如何 "join" 两个带有 python 的文本文件?

How to "join" two text files with python?

我有两个这样的 txt 文件: txt1:

Foo
Foo
Foo
Foo

txt2:

Bar
Bar
Bar
Bar

如何将它们连接到一个新文件的左侧和右侧让我们这样说:

Bar Foo
Bar Foo
Bar Foo
Bar Foo

我尝试了以下方法:

folder = ['/Users/user/Desktop/merge1.txt', '/Users/user/Desktop/merge2.txt']
with open('/Users/user/Desktop/merged.txt', 'w') as outfile:
    for file in folder:
        with open(file) as newfile:
            for line in newfile:
                outfile.write(line)

您可以使用 zip 压缩这些行然后连接并将它们写入您的输出文件:

folder = ['/Users/user/Desktop/merge1.txt', '/Users/user/Desktop/merge2.txt']
with open('/Users/user/Desktop/merged.txt', 'w') as outfile:
    for file in folder:
        with open(file[0]) as newfile,open(file[1]) as newfile1:
            lines=zip(newfile,newfile1)
            for line in lines:
                outfile.write(line[0].rstrip() + " " + line[1])

使用 itertools.izip 合并两个文件中的行,像这样

from itertools import izip
with open('res.txt', 'w') as res, open('in1.txt') as f1, open('in2.txt') as f2:
    for line1, line2 in izip(f1, f2):
        res.write("{} {}\n".format(line1.rstrip(), line2.rstrip()))

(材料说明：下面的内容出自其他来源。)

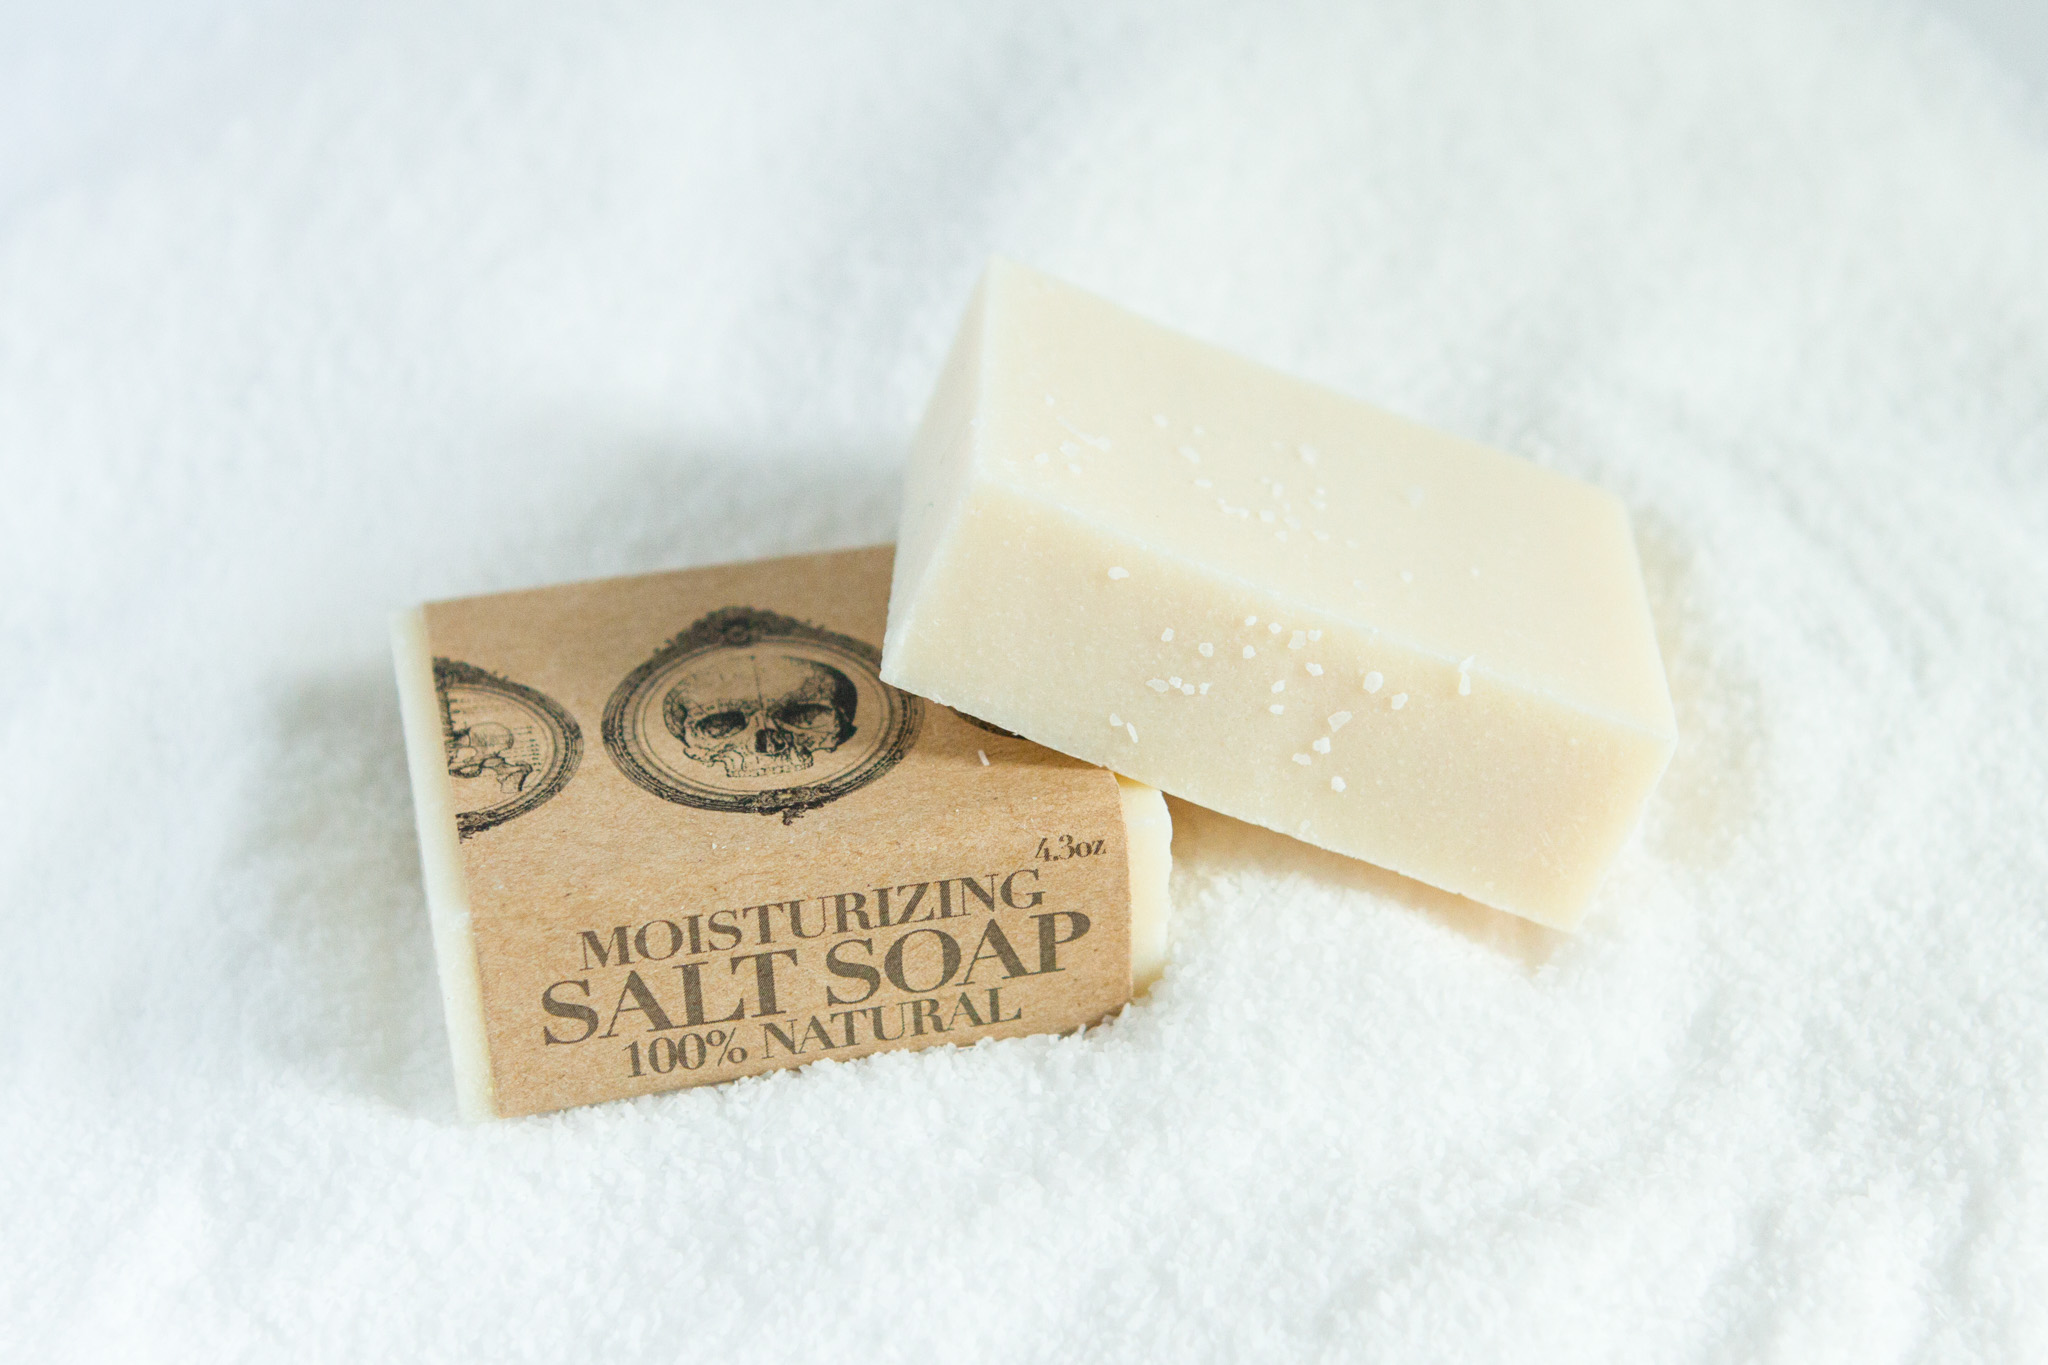  Salt soap for Rebels Refinery

注意:此解决方案将仅写入两个文件中的行,直到其中一个文件耗尽。例如,如果第二个文件包含 1000 行而第一个文件只有 2 行,则每个文件中只有两行被复制到结果中。如果即使在最短文件耗尽后你也想要最长文件中的行,你可以使用 itertools.izip_longest,像这样

from itertools import izip_longest
with open('res.txt', 'w') as res, open('in1.txt') as f1, open('in2.txt') as f2:
    for line1, line2 in izip_longest(f1, f2, fillvalue=""):
        res.write("{} {}\n".format(line1.rstrip(), line2.rstrip()))

在这种情况下,即使较小的文件用完,较长文件中的行仍将被复制,fillvalue 将用于较短文件中的行。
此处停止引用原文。